WHAT NEEDS TO BE DONE: Leaving out the images, repeat all the lines below exactly.

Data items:
Content starts
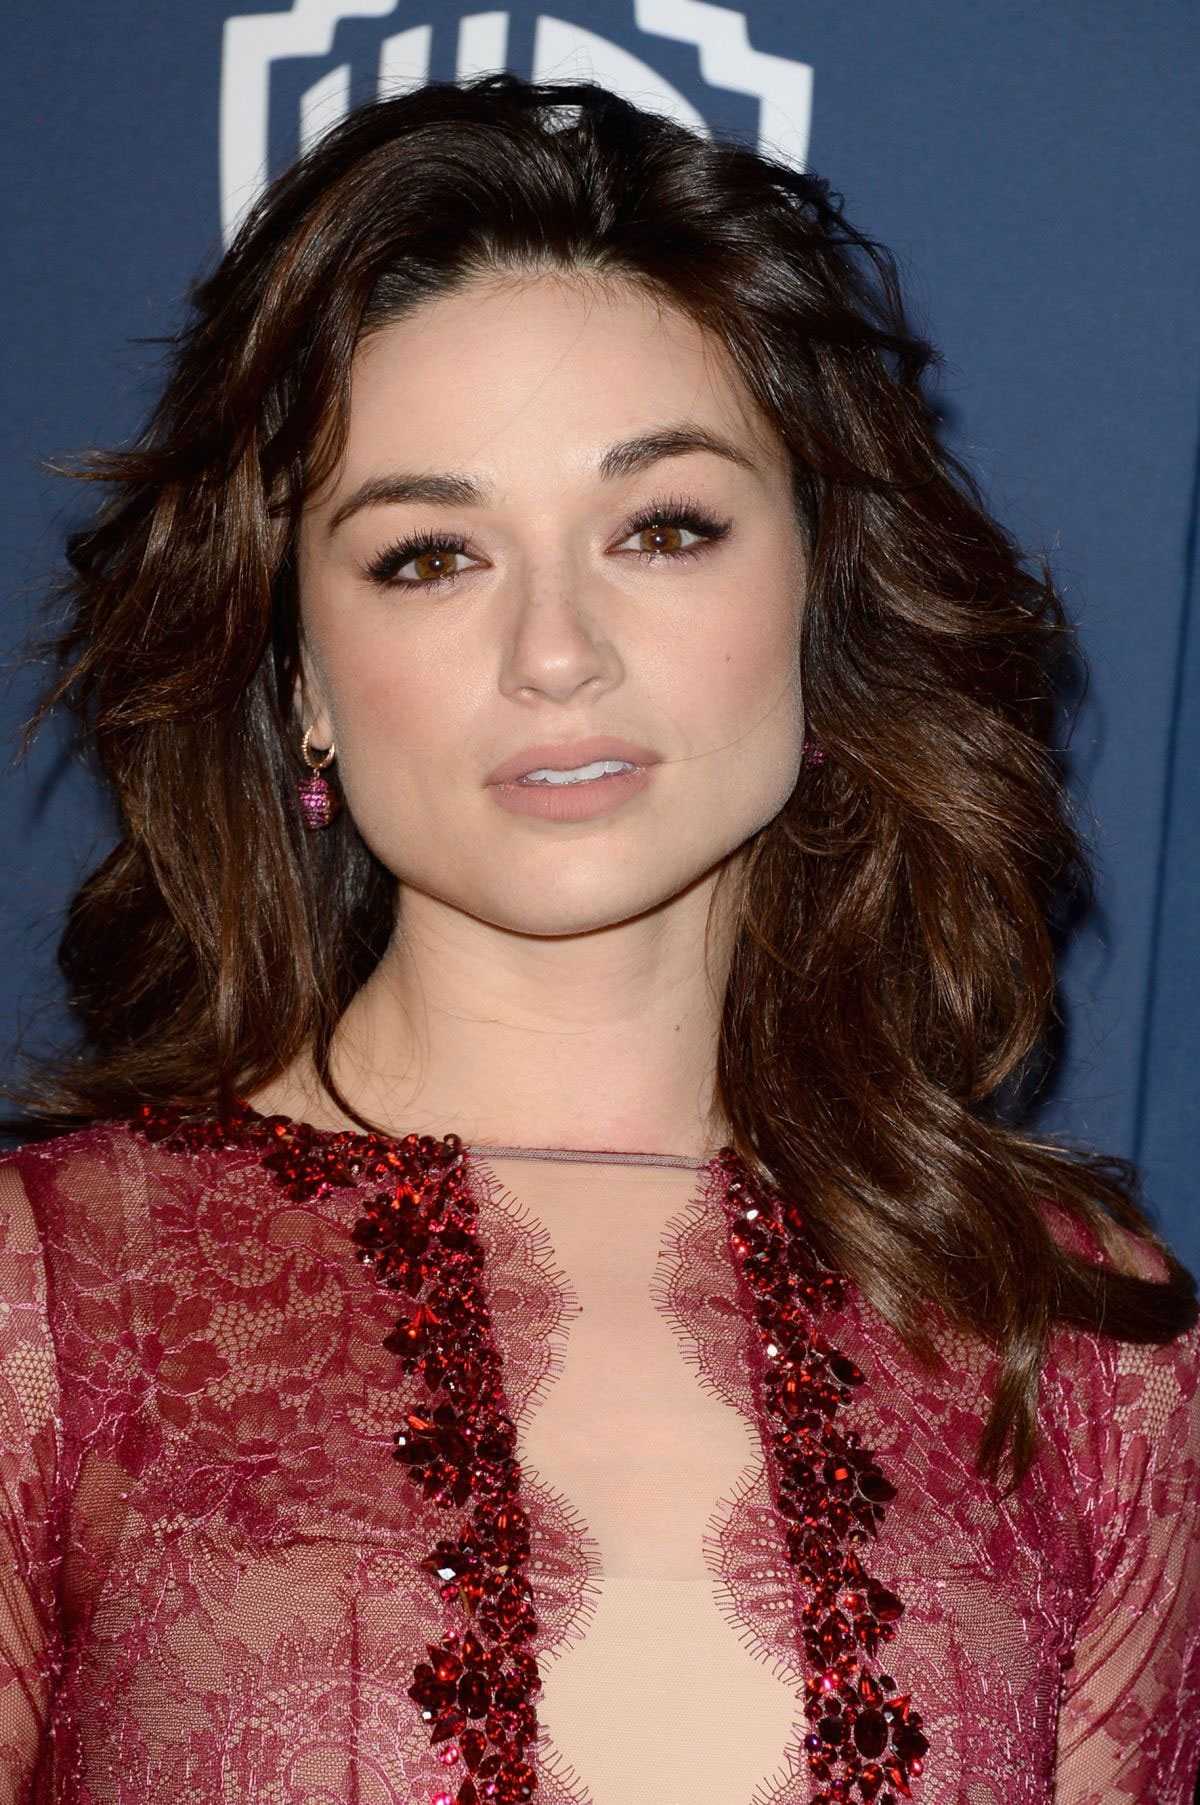 70+ Hot Pictures Of Crystal Reed That Are Sure To Make You Her Biggest Fan 5
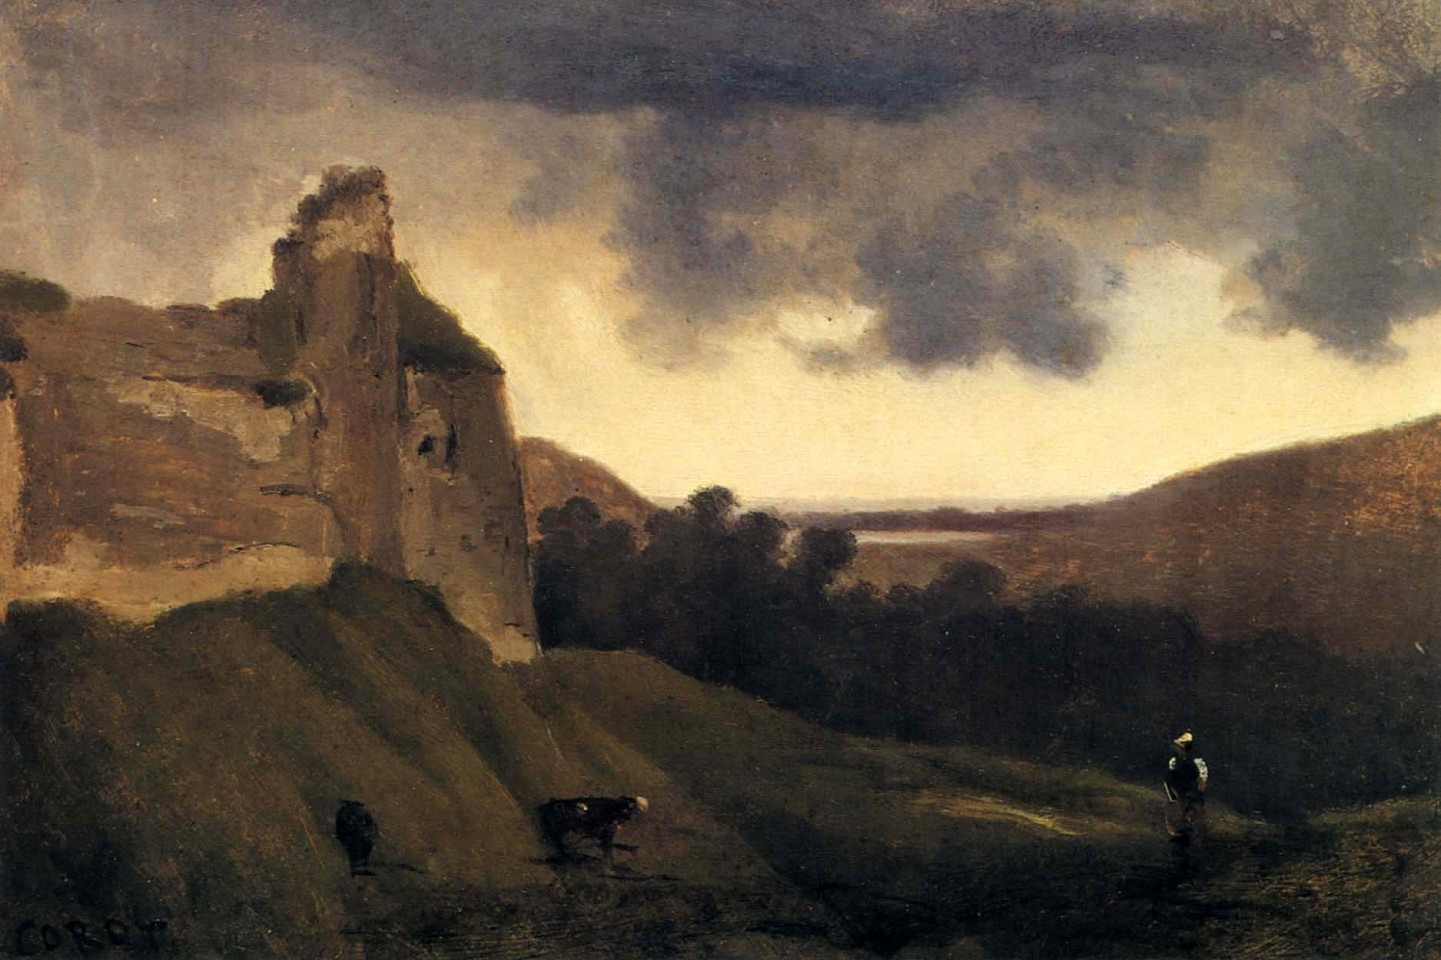 Jean Baptiste Camille Corot, Argues-Ruines du Chateau, 1828-30
Oil on canvas, 8 1/4 x 12 1/4 in. (21 x 31.1 cm)
COR-005-PA
$90,000
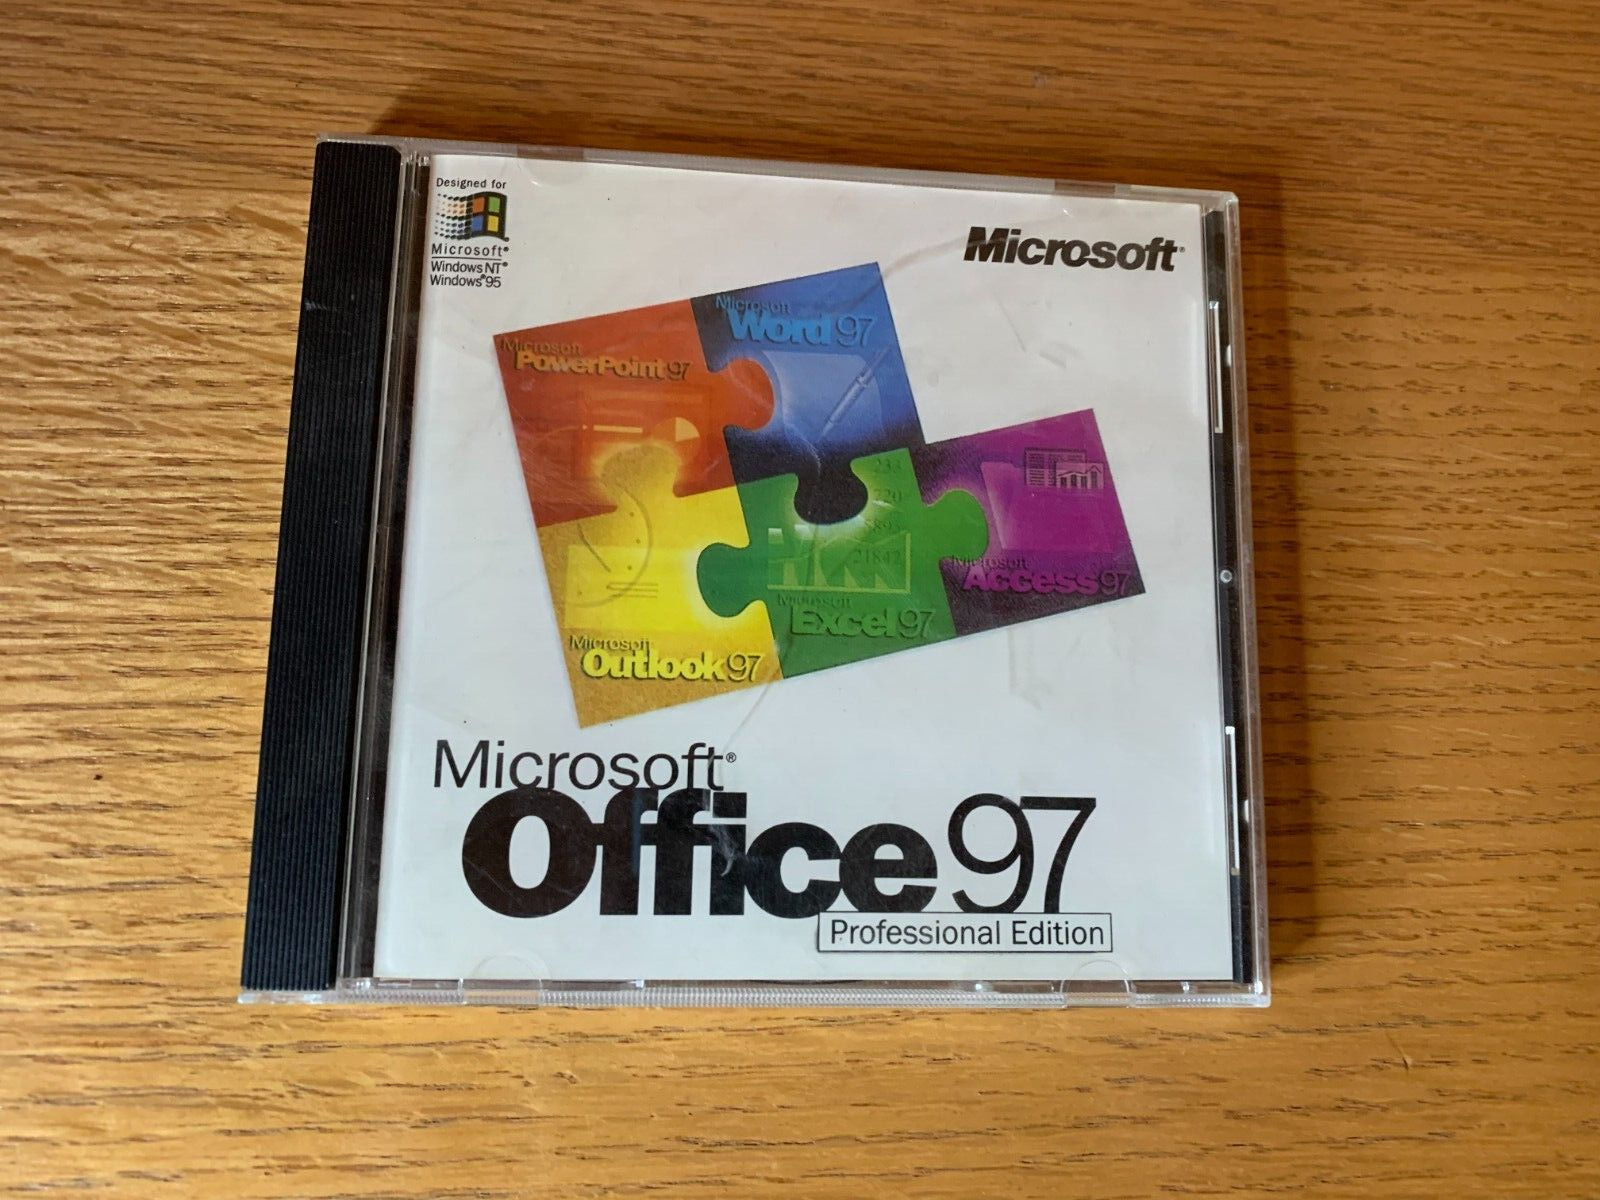 MICROSOFT OFFICE 97 PROFESSIONAL EDITION 90844 X03-44544 with Product Key
Content ends
FINISHED EXERCISE:
 70+ Hot Pictures Of Crystal Reed That Are Sure To Make You Her Biggest Fan 5
 Jean Baptiste Camille Corot, Argues-Ruines du Chateau, 1828-30
Oil on canvas, 8 1/4 x 12 1/4 in. (21 x 31.1 cm)
COR-005-PA
$90,000
 MICROSOFT OFFICE 97 PROFESSIONAL EDITION 90844 X03-44544 with Product Key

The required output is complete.